As part of its conservation work, Saudi Aramco has reinstated locally extinct species to the Shaybah Wildlife Reserve, which opened in 2016, and has now seen the reintroduction of large numbers of the Arabian oryx and Arabian sand deer.

It lies in the remote Rub’ Al-Khali or Empty Quarter. Encompassing 650,000 square kilometers and comprising the Earth’s largest continuous sand desert, the Rub’ Al-Khali covers about a third of the Arabian Peninsula.

Located adjacent to Saudi Aramco’s mega-facilities in the area, the fenced sanctuary protects dozens of native plant and animal species.

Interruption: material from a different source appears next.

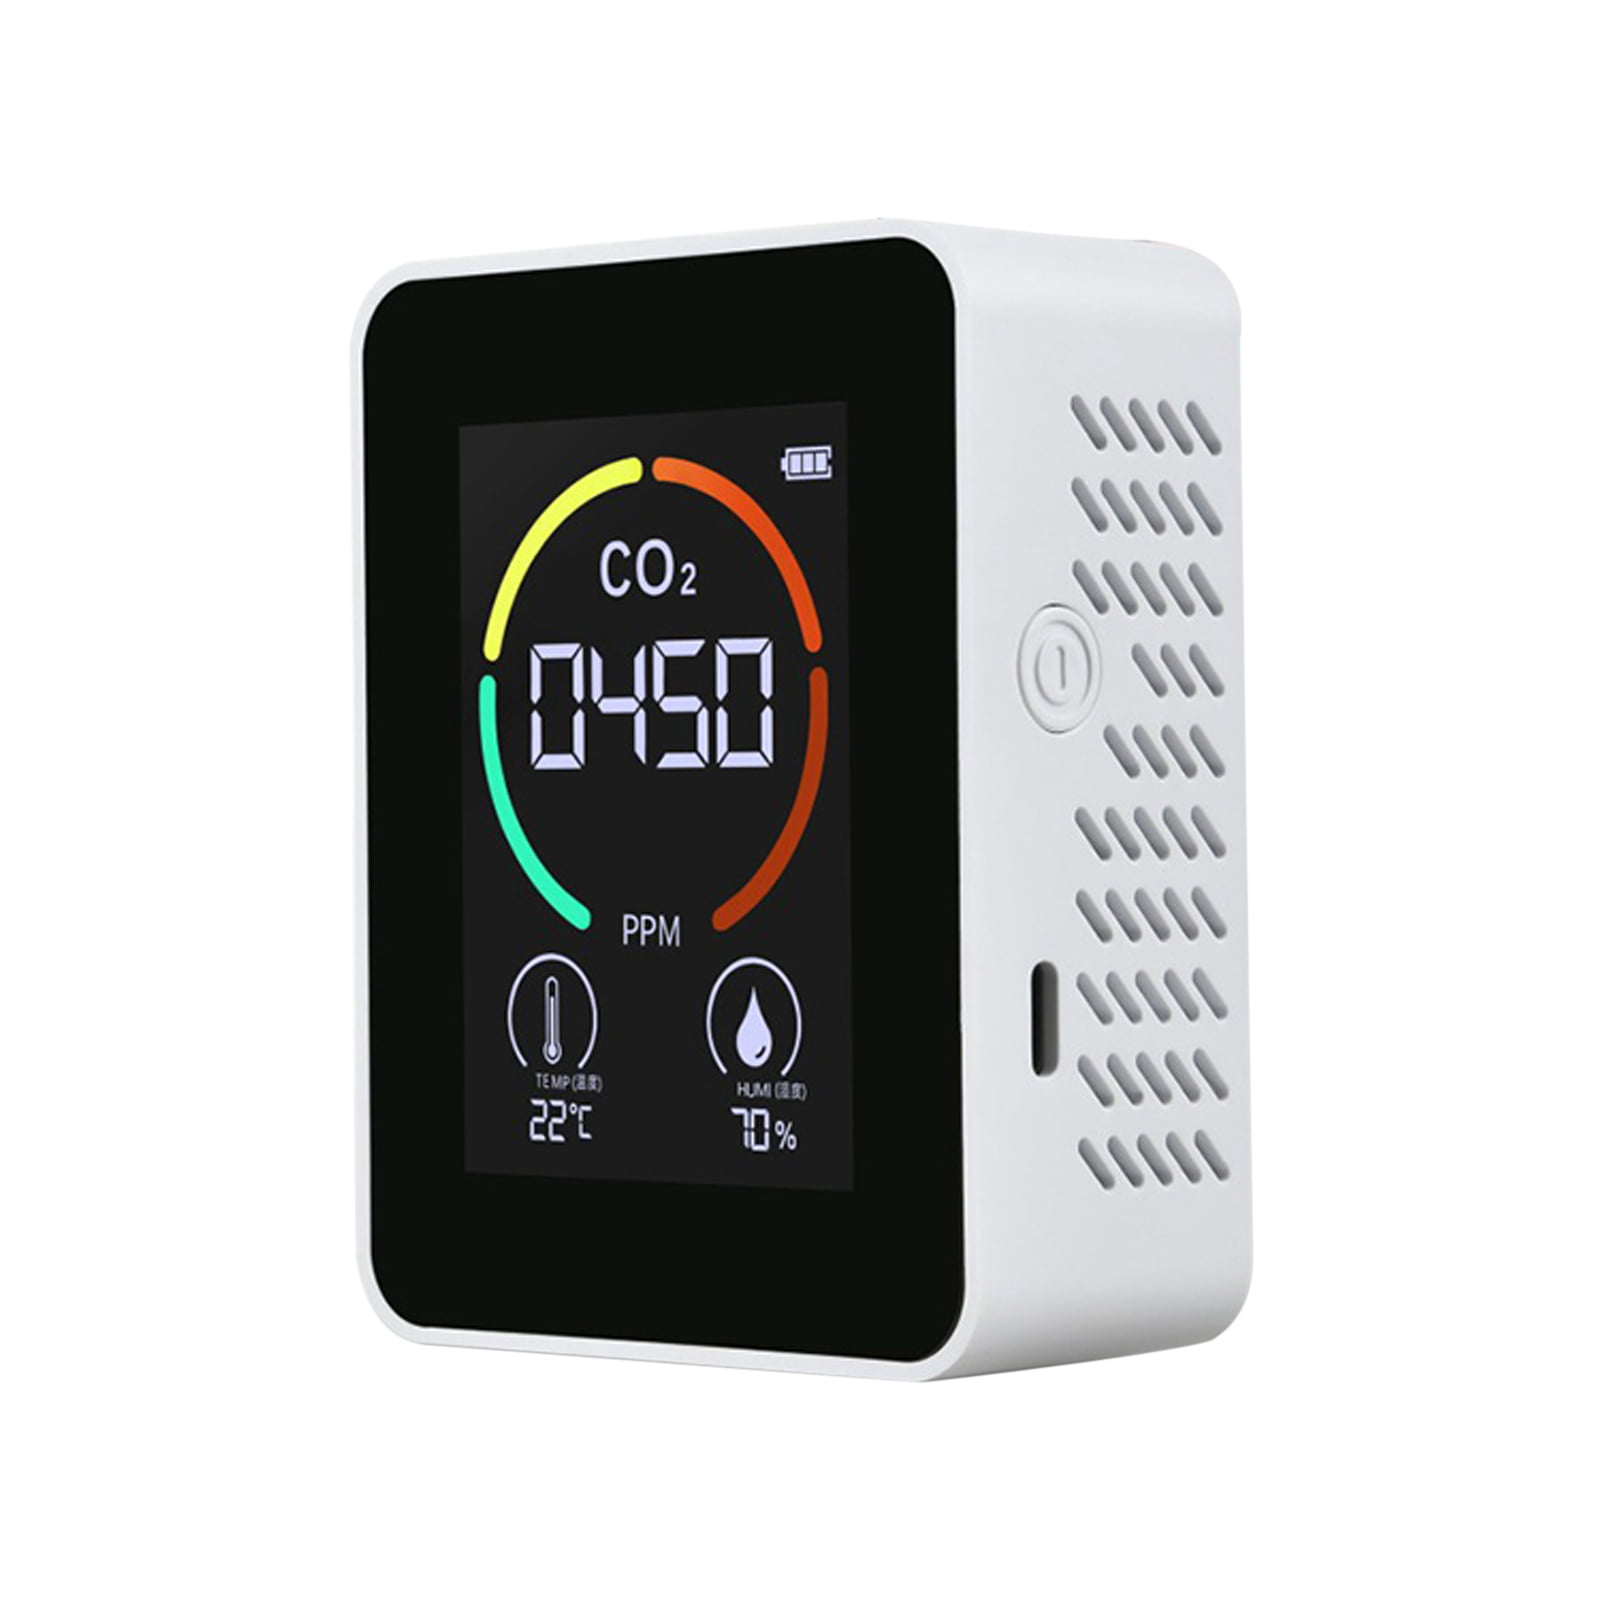 Details about   Smart CO2 Carbon Dioxide Monitor Temperature Humidity Air Quality Detector S7J4

The reserve – vast stretch of fenced land near the Empty Quarter – supports wildlife of global importance and protects fauna from threats of vehicles, grazing, and hunting.

Aramco’s investments have resulted in the reintroduction of three species native to the Arabian Peninsula; the Arabian oryx, sand deer and ostriches – helping restore dwindling numbers of the fauna.

By 1972, only four Arabian oryx remained alive in the wild, and sand deer faced the same fate.

Ostriches had disappeared from the Empty Quarter more than 120 years ago after large-scale poaching, with the last-known sighting being in 1939.

After Aramco’s intervention, the reserves are helping restore biodiversity in the area, with more than 130 Arabian oryx in the reserve alone.

The Shaybah Wildlife Sanctuary is now home to 10 endemic Arab species, 39 species on a national list of 50 high-priority conservation species and 13 regionally engendered species.

There are also 11 species of native plants, 18 species of mammals and 176 species of birds.